Abstract

One of the central doctrines of Descartes' metaphysics was his division of the created world into two kinds of stuff: mental substance whose essence is thought and material substance whose essence is extension. And one of the central problems that later philosophers had with Descartes' doctrine was understanding how these two domains, the mental and the material, relate to one another. Descartes' solution was to claim that these two domains can causally interact with one another, that bodily states can cause ideas, and that volitions can cause bodily states. But this claim raises a number of serious questions. The most obvious problem arises from the radical distinction that Descartes draws between the two domains and from our difficulty in conceiving how two sorts of things so different could ever interact with one another.
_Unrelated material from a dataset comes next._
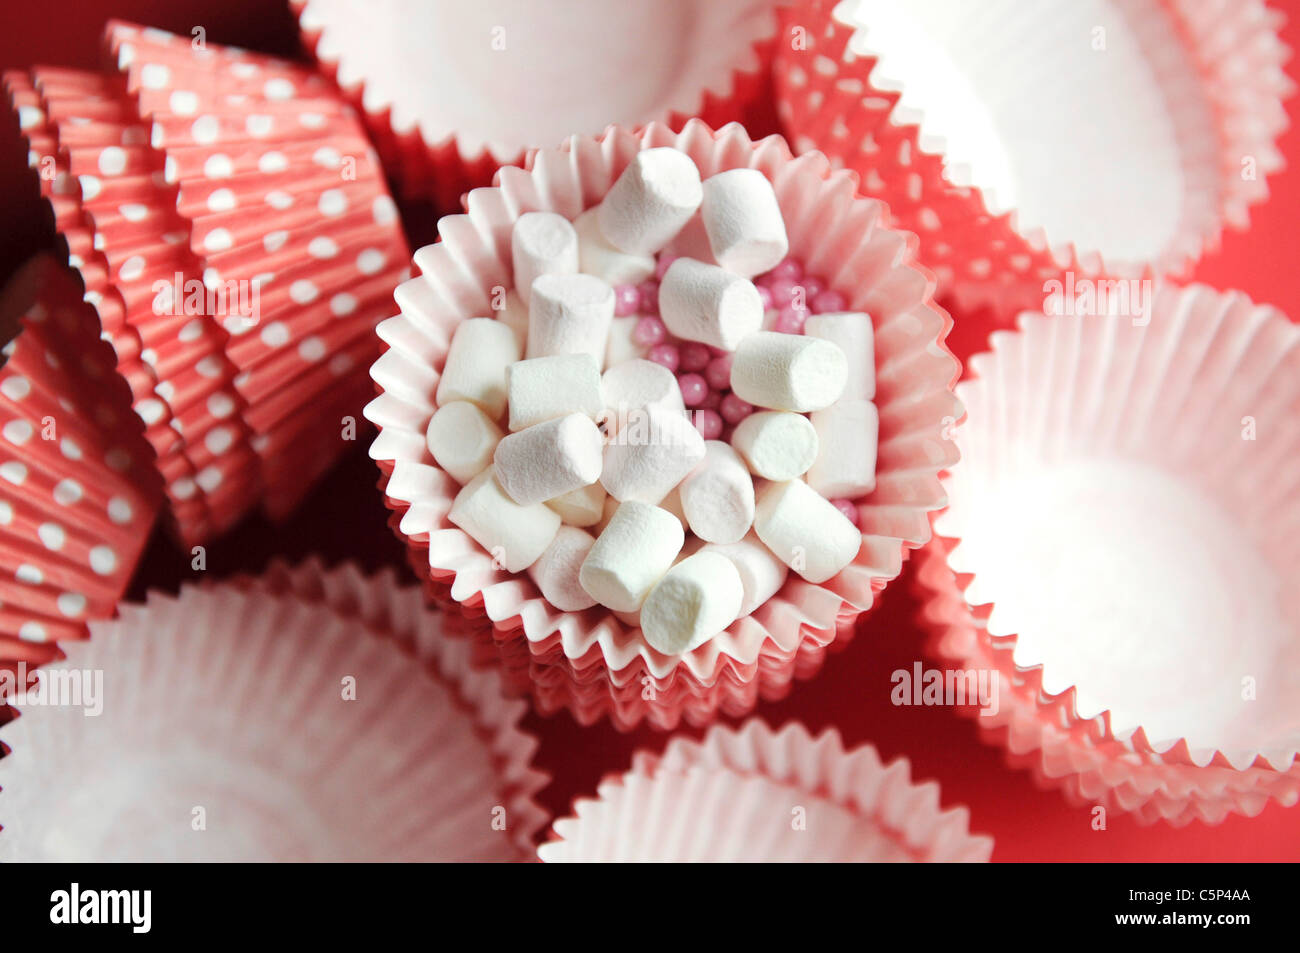 Rosa Muffin-Fällen mit weißen Punkten und Mini marshmallows Stockfoto

As the Princess Elisabeth complained to Descartes, “it is easier for me to concede matter and extension to the mind than [it is for me to concede] the capacity to move a body and to be affected by it to an immaterial thing.” Though the story is complex, it is generally held that this problem led later in the century to the doctrine of occasionalism, in which the causal link between mind and body was held to be not a real efficient cause but an occasional cause. Thus, it was claimed, it is God who causes ideas in minds on the occasion of appropriate events in the material world and events in the material world on the occasion of an appropriate act of will. The causal link between mind and body remains but is reinterpreted as an occasional causal link, a causal link mediated by God.